The second most significantly differentially deposited transcript is the actin binding protein Unc-115a. The paralog of this gene, Unc-115b, was also found to be differentially expressed between populations. Both of these genes have higher expression levels in the Raleigh population. Unc-115b was found in a previous study to be the most highly upregulated gene in a D. melanogaster strain resistant to the insecticide DDT 91-R compared to a DDT compromised strain, 91-C . Unc-11b was one of two genes found in this study to be highly upregulated across all stages of development that were assayed . This gene was found to be in one of six selective sweeps that coincided with constitutive expression differences between DDT resistant and compromised lines.

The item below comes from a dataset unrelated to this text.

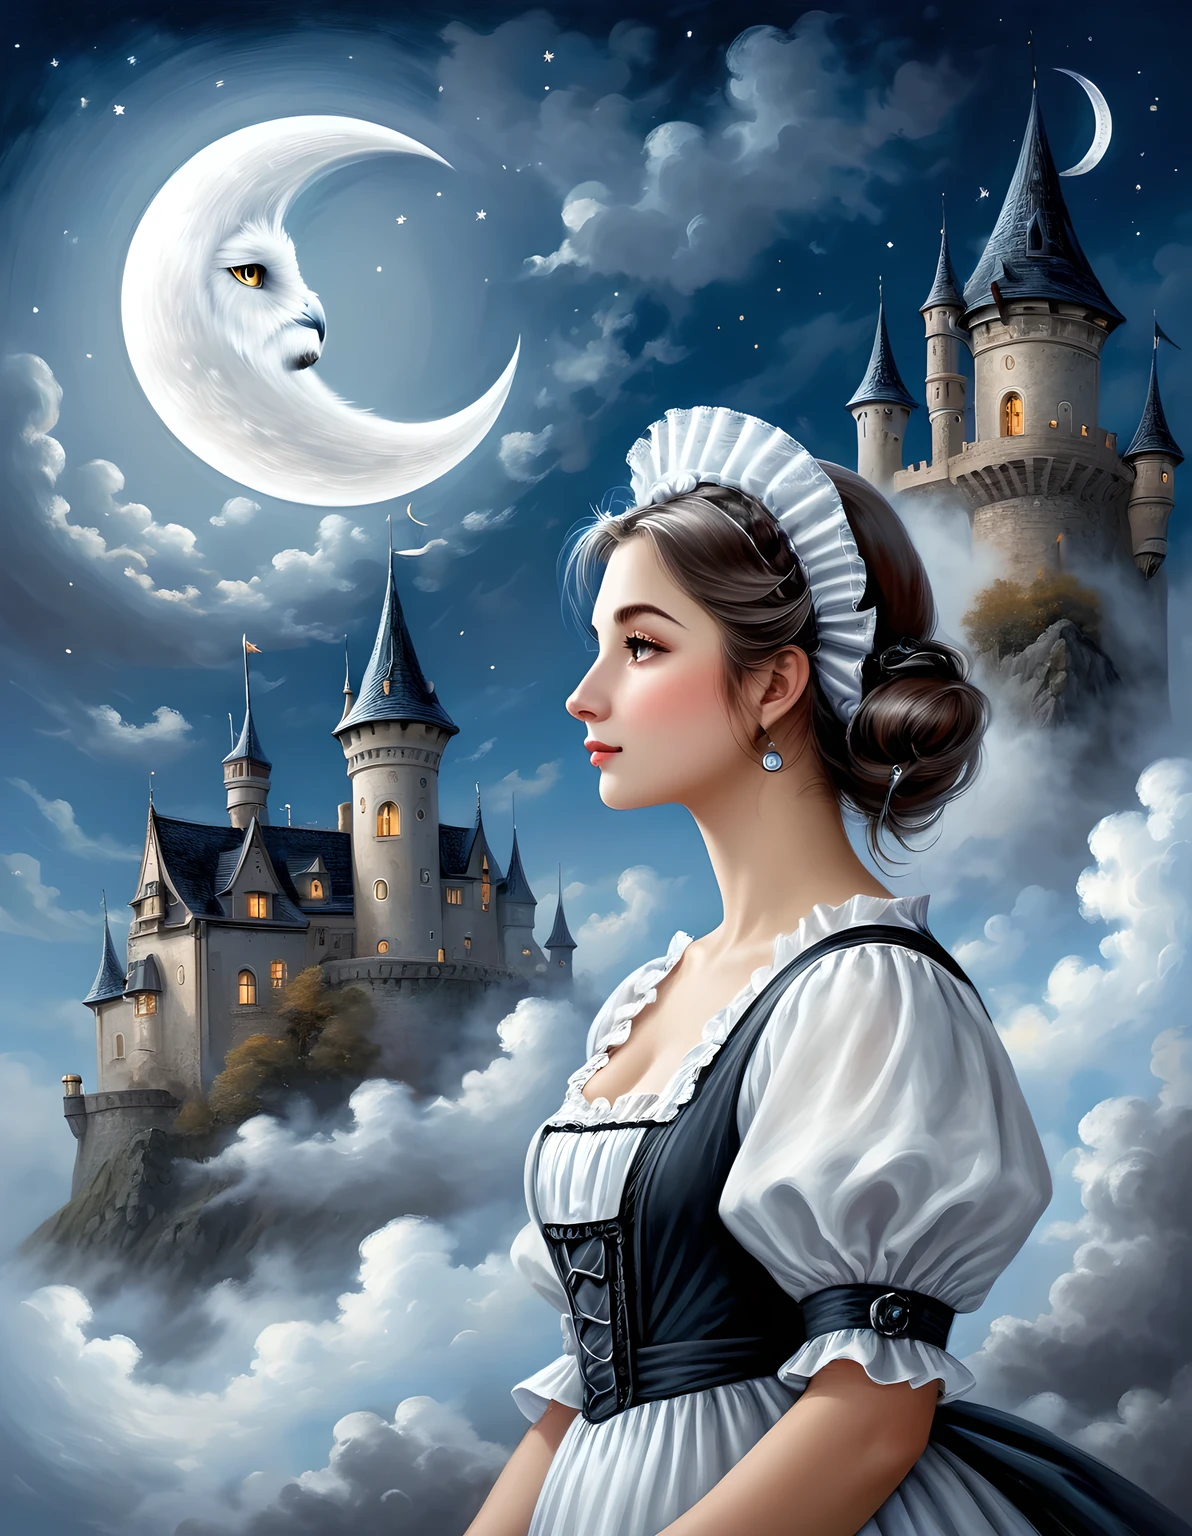 充滿精緻和忠誠光環的女僕插圖, 轮廓, 鮮明的對比, 溫柔的觸摸, 準確的細節, 精確, 蓬鬆的雲和新月, 高品質油畫, 令人驚嘆的精美觸控渲染, 藝術雲與月亮, 幻想, 霧氣籠罩著一座古老的城堡 , 飛翔的貓頭鷹

Variation in heat shock proteins
Modifying maternal RNAs and proteins in the embryo can have effects on development, phenotypes, and ultimately fitness [25, 26]. One gene family that is critical to survival is heat shock proteins [27, 28]. In total, 17 and 19 heat shock proteins were found to be differentially deposited within the Raleigh population and Zambia population, respectively. This is in contrast to after zygotic genome activation, where 6 and 8 zygotic-only heat shock proteins were found to be differentially expressed within the two populations. Previous work by Lockwood et al. has shown evidence that higher levels of maternal deposition of a heat shock protein increases embryo thermal tolerance in D. melanogaster . Hsp23 was found to be differentially deposited in the lines that we examined (Fig. 5A, bottom panel). Specifically, the levels of Hsp23 mRNA in ZI094 is between 4-14X higher than the other three Zambia lines and 11-600X higher levels than the Raleigh lines, all which have variable expression. This overall trend persists at stage 5, with mean levels of Hsp23 increasing in ZI094 and maintaining higher expression levels compared to all other lines. Based on this observation, we performed heat shock experiments on all of the lines to assay differences in embryo survival after heat stress (see Methods). We did not find a significant relationship between line and survival (ANOVA, p < 0.05) at 24 and 36 degrees, however there was a small significance (p = 0.014) at 38 degrees. However, we found that heat shock tolerance does not correspond in a predictive way with levels of heat shock transcripts (Fig. 5B).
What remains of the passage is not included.